Only an instant after he had seen, the chalk-white bodies clustered below were in motion. They came leaping up the smooth expanses of rock, and they were obscured at times as if by black curtains that were drawn across their bodies. Then they would flash out again in dead-white nakedness.


It was uncanny. Chet had a feeling that they were wrapping themselves in black invisibility. Only when a score of the white things threw themselves out into space did he know the truth.

Out and upward they sprang, to soar above Chet's head and land on the slope above. All escape was cut off now; but it was not this thought that held Chet motionless for that moment of horror. It was the glimpse he had had against the light of the crater mouth of beating, flailing wings that whipped the thin air above him; of curved claws; and of long, horrible tails that might have belonged to giant rats. And the demoniac cries that the thin air brought him were no more suggestive of devils unleashed than were the leathery wings and the fleshy tails of the beasts.
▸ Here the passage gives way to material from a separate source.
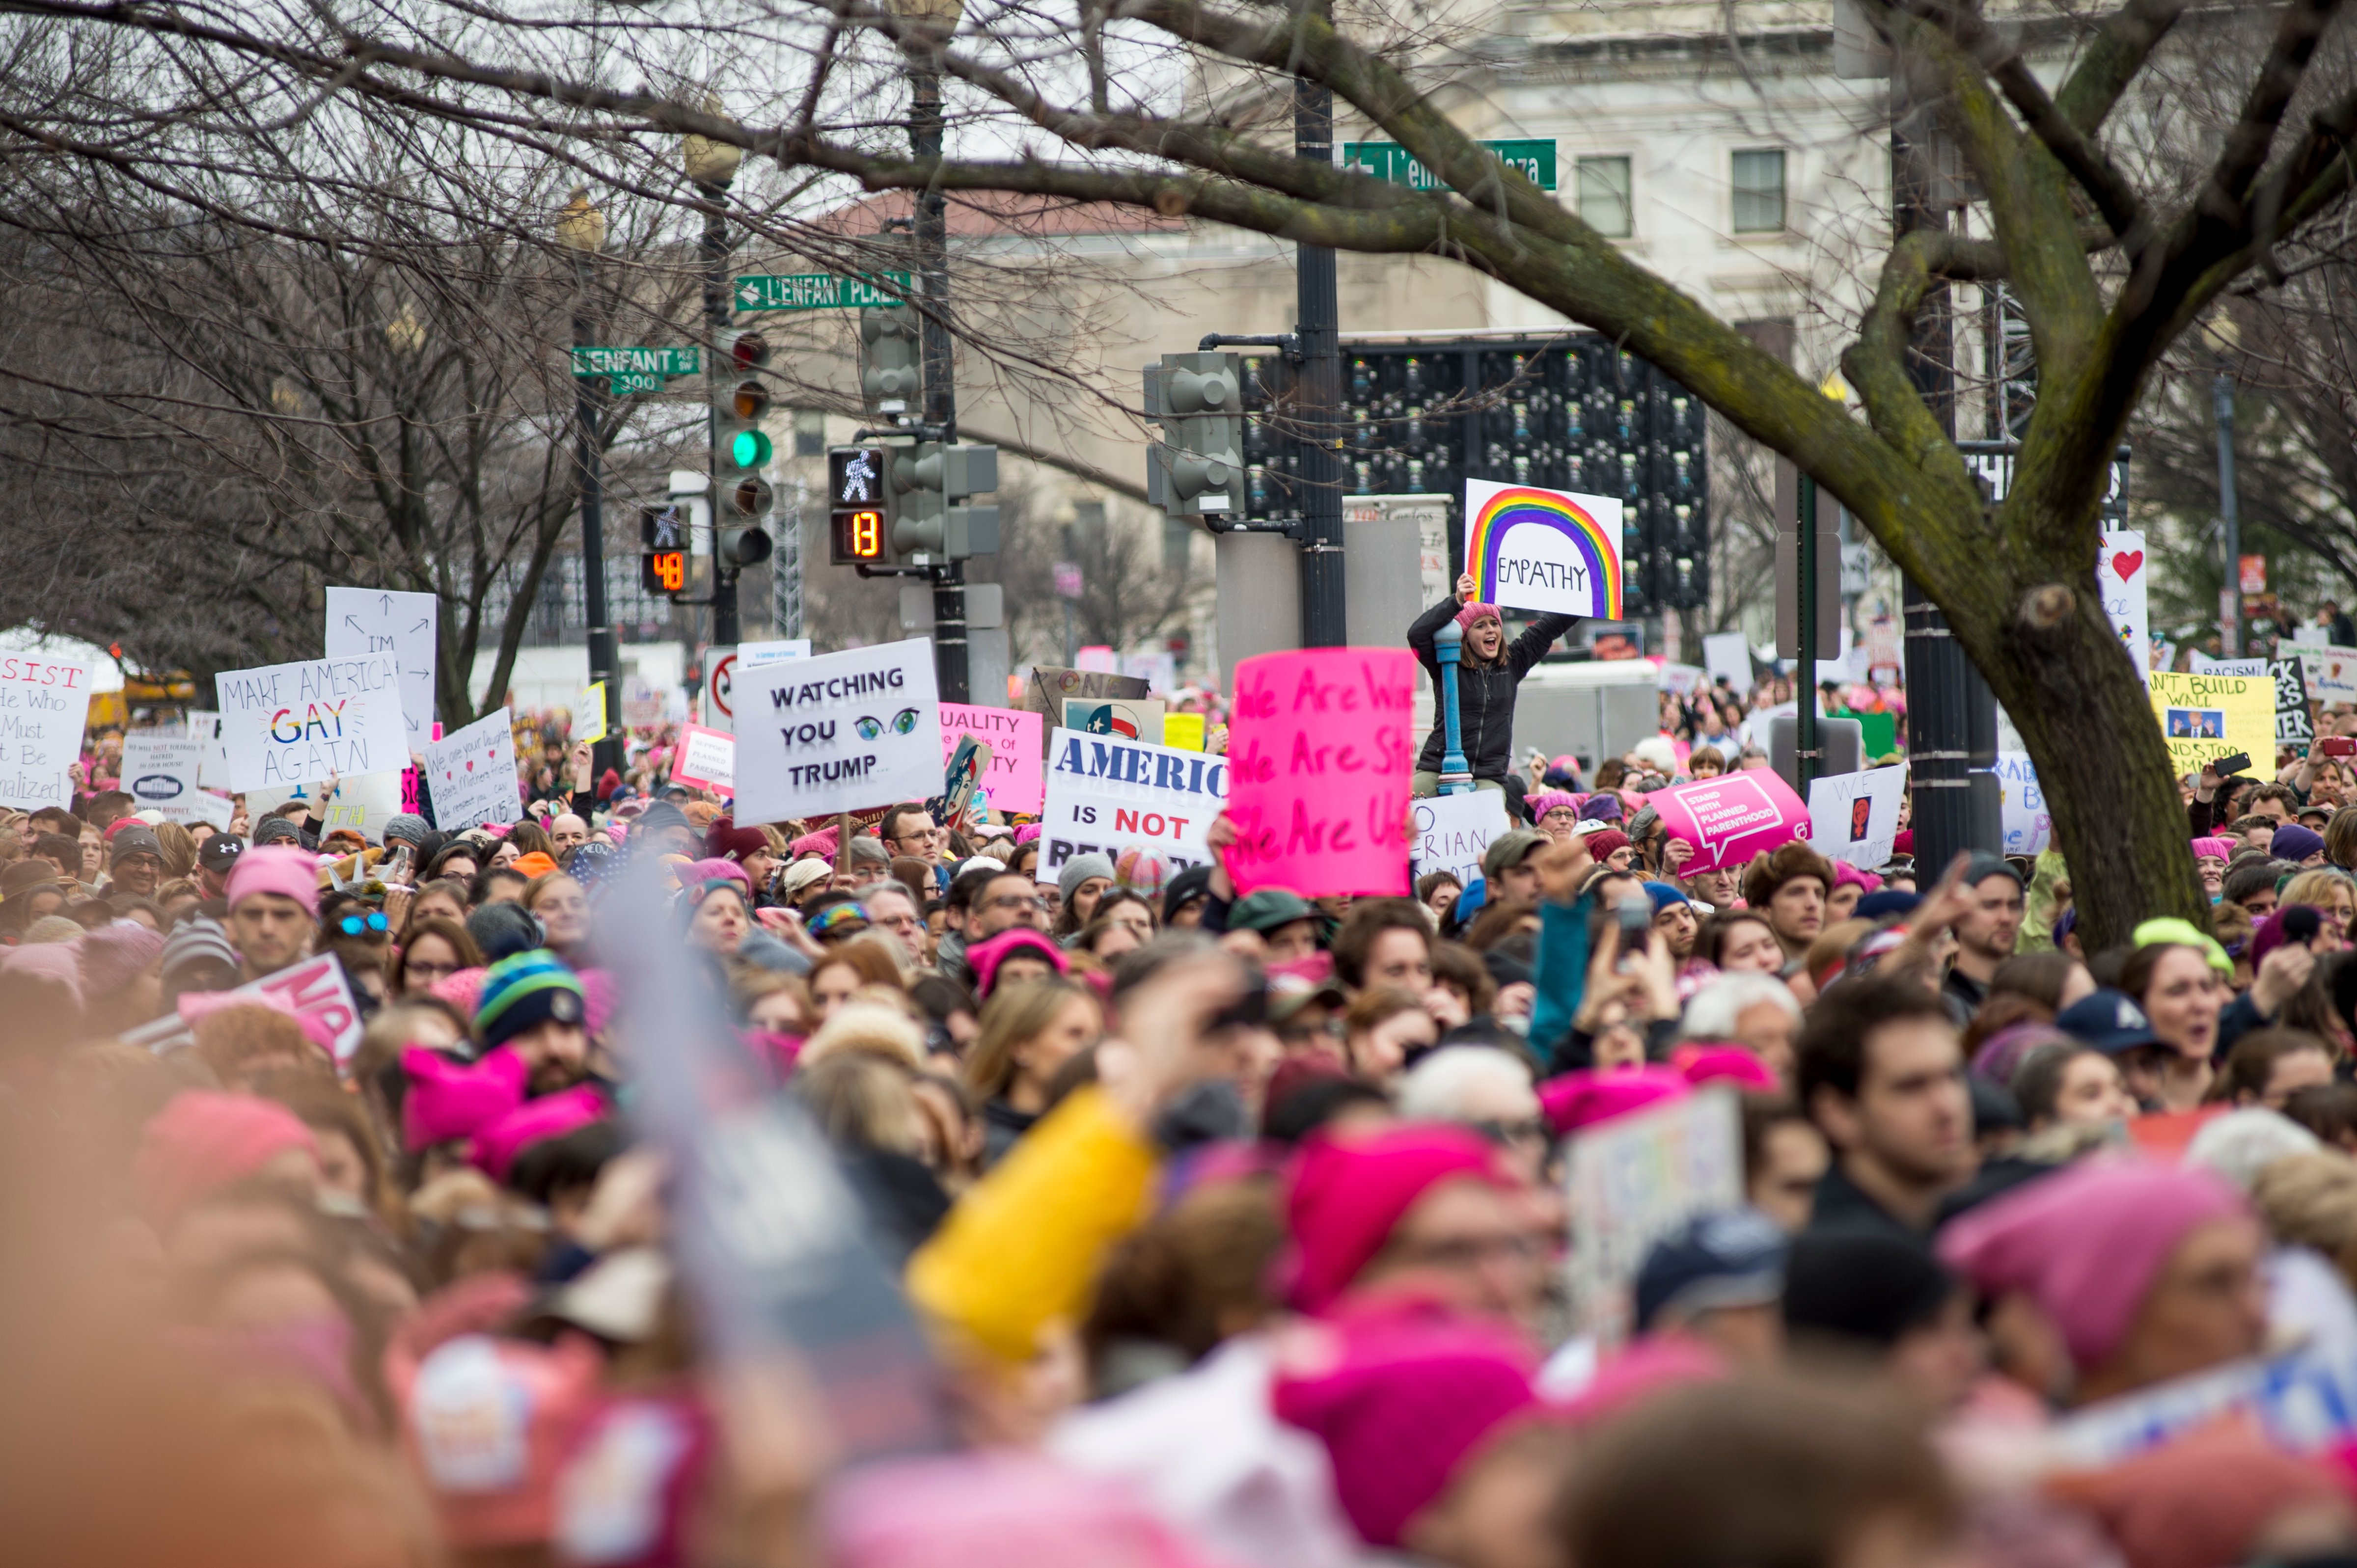 Crowds gather for the rally on Independence Ave next to the National Mall at the Women's March on Washington on Jan. 21, 2017 in Washington, DC. (Ann Hermes—Christian Science Monitor/Getty Images)

Yet it was not this alone that stunned the mind of the master pilot, but the horrible incongruity, of this monstrous inhumanness allied with the human form of their bodies. And throughout he observed, with a curious sense of detachment, the furious beating of the wings, almost useless in the thin air, and the expansion and contraction of sac-like membranes on each side of the necks which he took to be auxiliary lungs.


It was the girl's action that brought Chet to his senses. She moved slowly across the smooth table of rock toward the three or four beasts who had gained its level. Her head was bowed in utter dejection; Chet sensed it as plainly as if she had spoken. She held out her hands helplessly toward the creatures—and in that instant Chet's pistol spoke.

Tiny shells, those of a detonite pistol, and the grain of explosive in the tip of each bullet is microscopic. But no body, human or inhuman, be it made of flesh, can withstand the shattering concussion of that exploding shell.

The beasts beside that figure, slenderly girlish even in its metal sheath, fell into the pit beyond; their screams rang horribly as they fell. There were others who took their places, and they, too, vanished under the smashing shots.

And then, after timeless moments of waiting, while the only sound was the half-audible voice of the girl who sobbed: "Now you are surely lost. They will kill you—you should not have fired—I should never have brought you here"—there came the familiar thunder of a ship's exhausts.